What do you plan to write in 2017? Are you setting writing resolutions for the year?
I gave up setting formal New Year’s Resolutions decades ago, but I still do spend some time thinking about what the year may hold and what I’d like to get done. My intentions for 2016 were to get settled in a new home and new community. That included finding local writing community.
The year unfolded just as I’d intended. As 2017 rolls in, I do feel settled. I still have a few embellishments to complete, but my previously adobe-colored office is now a cheery pale lemon ice with yards of white shelves on the walls. It has become the comfortable, creativity enhancing “room of my own” that I’ve always dreamed of having, and I no longer share space with the laundry.
Sure enough, community roots are spreading.
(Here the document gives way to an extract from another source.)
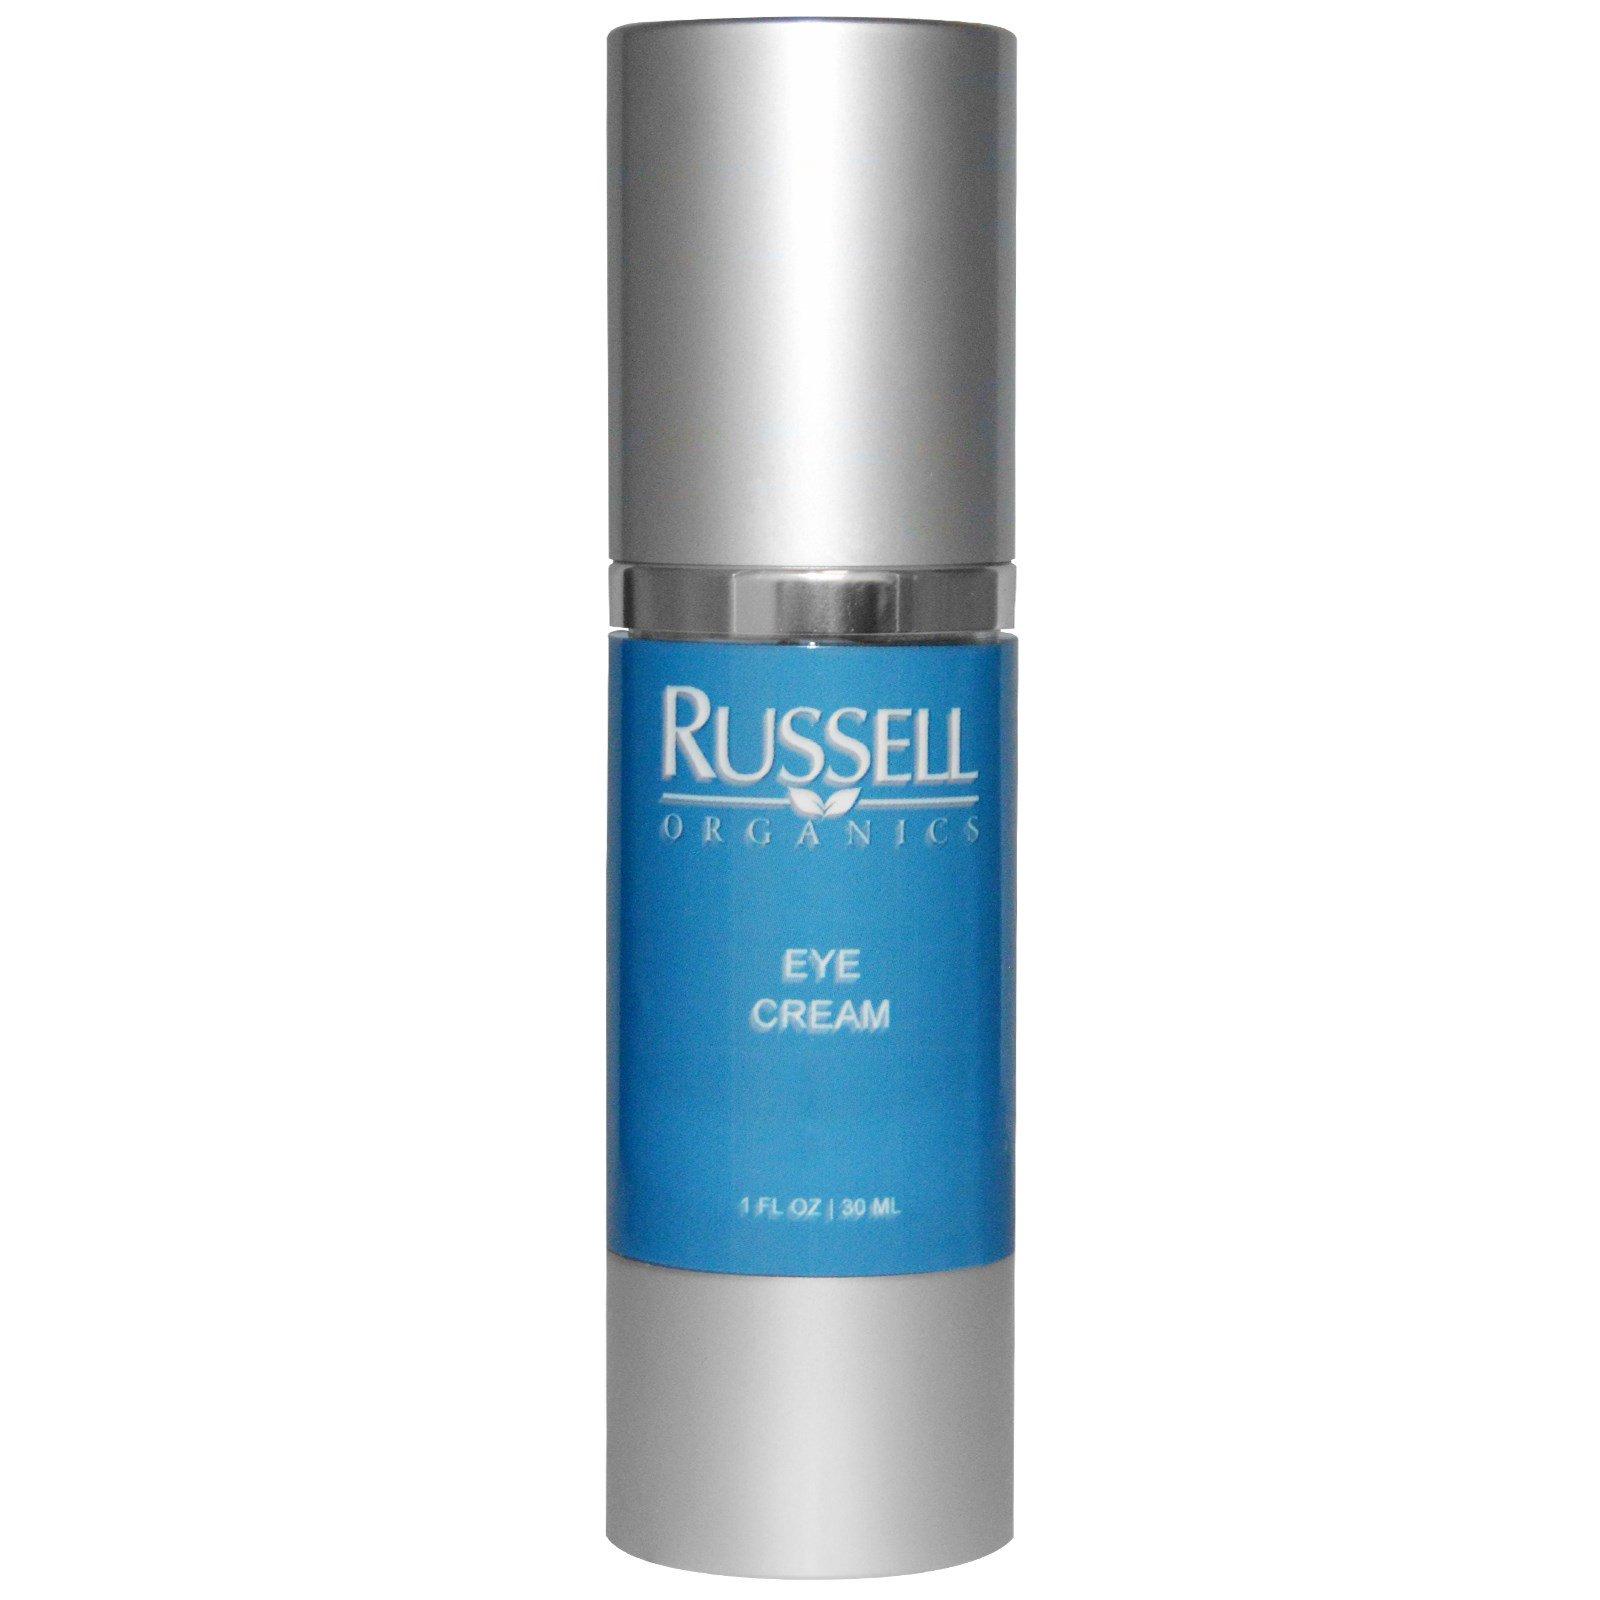 Russell Organics, Крем для кожи вокруг глаз, 1 жидка унция (30 мл)

I found a wonderful book club at my local library branch. We’ve connected with several neighbors in our larger community. We’re enjoying family events.
Starting to teach again…
I was unsure whether I wanted to return to teaching after our move, but Olga Wise, a writer friend I made at the 2008 Story Circle conference, insisted I get involved with Austin’s Lifetime Learning Institute (LLI), the rough equivalent of the Osher programs I was involved with in Pittsburgh. I’m forever grateful to Olga. That energizing experience reminded me why I love teaching lifestory writing.
You know how sometimes things seem preordained? I began mentioning to people I met in random places that I was teaching a lifestory writing class. “When are you doing it again? I’ve been looking for something like that!” I told them about LLI and took their names. I already knew demand is high. LLI offered three classes on some aspect of life writing last fall, and all were filled to capacity. Mine had 19 sign up with a limit of 18, and nobody here knew who I was.
That obvious enthusiasm nudged me to contact the program manager for Austin Public Libraries to explore possibilities for setting up library sponsored lifestory writing groups in branches. We concurred that starting small makes sense. Valentine’s week I’ll begin leading free, six-week classes in two library locations, with the stated goal that they’ll transform into self-sufficient, self-sustaining, ongoing writing groups when the classes end. We’ll see how that goes.
Meanwhile, about half the fall LLI class decided to keep meeting and they have become an officially sanctioned library group in a third location.
New book project …
My biggest writing project for the year is a new book, yet to be titled, to take the place of the now out-of-print Heart and Craft of Lifestory Writing. This book will cover the basics of writing piles of short stories that can later be incorporated into anthologies, memoirs, autobiographies, or some form of informal lifestory. You’ll be hearing a lot more about that project.
So, my writing vision for 2017 is a finished book by the end of the year, and at least fifty people engaged with lifestory writing groups here in Austin. If anyone feels inclined to begin teaching or starting groups in your community, please send me an email. I’ll be happy to help, however I can.
What about you?
What writing projects do you envision starting and/or completing in 2017? If you leave a brief comment about your hopes or committed plans, you’ll strengthen the likelihood you’ll actually get them done.
If you don’t already have a project in mind, I have a suggestion: Finish an anthology of two dozen stories and use CreateSpace to print copies for family holiday gifts next year.
What have you accomplished in 2016? Toot your horn in a comment!